OPINION:
It is now against the law for a politician to tell a lie, according to the Department of Justice’s highly enthusiastic prosecutor Jack Smith.
What on earth will anyone in Washington ever talk about again? Cable news channels will go dark. Rep. Adam Schiff’s voice box will be surgically removed.
Congress will be turned into a hushed monastery, with only the squeak of an occasional mouse scurrying across the waxed marble floors to be heard.
All the expensive restaurants lining Pennsylvania Avenue that keep all the fat-cat lobbyists at the trough and well fattened will be shuttered. Rep. Jerrold Nadler will become a swimsuit model.
The sirens of so many motorcades every day will be silenced and give way to the summer cicadas and bullfrogs along the Potomac River.
Never again will you hear the ominous tones of another political attack ad droning on your TV at home. Our last election is behind us.
Politics has been outlawed.
Actually, that sounds kind of nice. The only problem is that it’s a fantasy world. And the Founders kind of covered all this when they wrote the Constitution.
Lying is bad. It is terrible. It is awful.
People should not lie, especially people in powerful positions.
OK, but who should decide what is a lie? And more important, who should decide who is lying?
God? A king? Congress? The Supreme Court? The media? A rogue federal prosecutor with an impressive record of failure going after politicians?
No. The only people qualified and empowered to determine who is lying and who should lead are the voters.
And the only way for voters to decide those questions is through elections.
The insane indictment returned this week is not against former President Donald Trump. It is an indictment against elections, and more specifically, free speech.
It’s an indictment of the political process.
Most important, it is an attempt to hijack the electoral system so that voters cannot choose the next president. Indeed, the Biden administration seeks to jail its top political rival rather than face him in the next election.
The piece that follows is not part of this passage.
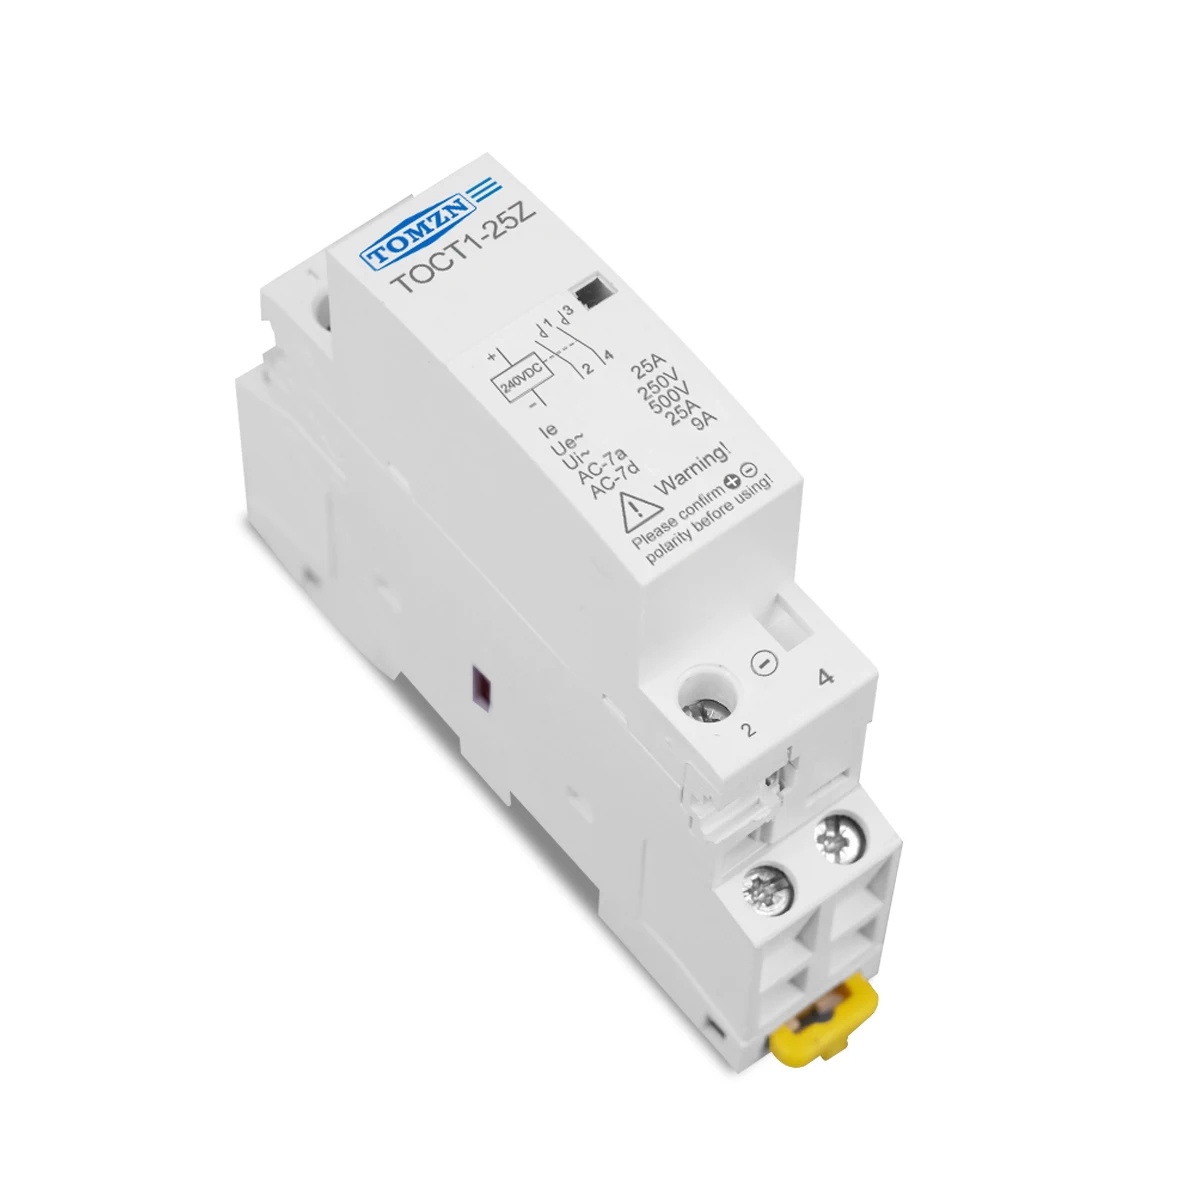 Contacteur,Contacteur éLectrique Contact modulaire for rail DIN 2P 25A,  220V / 230V 50 / 60Hz, AC Domestique, 2NO 2NC ou 1NC 1NC (Color : 16A 1NO  1NC)

In the indictment, special counsel Jack Smith accuses Mr. Trump of “dishonesty, fraud and deceit” — even “prolific lies” — in his political speeches after the 2020 election, questioning the fairness of that election.
“These claims were false, and the Defendant knew that they were false,” according to Mr. Smith.
So, not only has Mr. Smith decided that it is now against the law for a politician to lie, he has also discovered the perfect person to decide that which is a lie and that which is true: himself.
And if that galloping self-regard were not staggering enough, Mr. Smith has also crowned himself the final arbiter of exactly what Mr. Trump was thinking and when he thought those thoughts.
So, “the Defendant knew that they were false.” Really? Based on Mr. Trump’s private comments to former Vice President Mike Pence? But I thought you said Mr. Trump was a liar!
When was he lying, and when was he telling the truth, Mr. Smith?
It takes your breath away to behold such arrogance, especially when it’s entwined with such profound ignorance.
That Mr. Smith is prosecuting Mr. Trump for free speech pertaining to an election is particularly rich. If free speech is not protected when it pertains to an election, then why the hell do we have free speech in the first place? So that we can yell freely during a soccer game?
Even if this new standard for jailable speech were to apply only to politicians who question the results of elections, then Mr. Smith and the Biden Gestapo will be busy indeed. The jails will overflow with Democratic politicians in particular.
That’s because in the decades preceding Mr. Trump, Republican politicians mastered the art of being polite, obedient losers.
The truth is that this prosecution — like all the rest against Mr. Trump — is about nothing more than jailing Donald Trump to prevent voters from reelecting him to the White House in a free and fair election.
There is a term for this. It’s called “election interference.” And it’s worse than a lie.
Jack Smith and the rest of President Biden’s political henchmen at DOJ should be held accountable for it.
• Charles Hurt is the opinion editor at The Washington Times.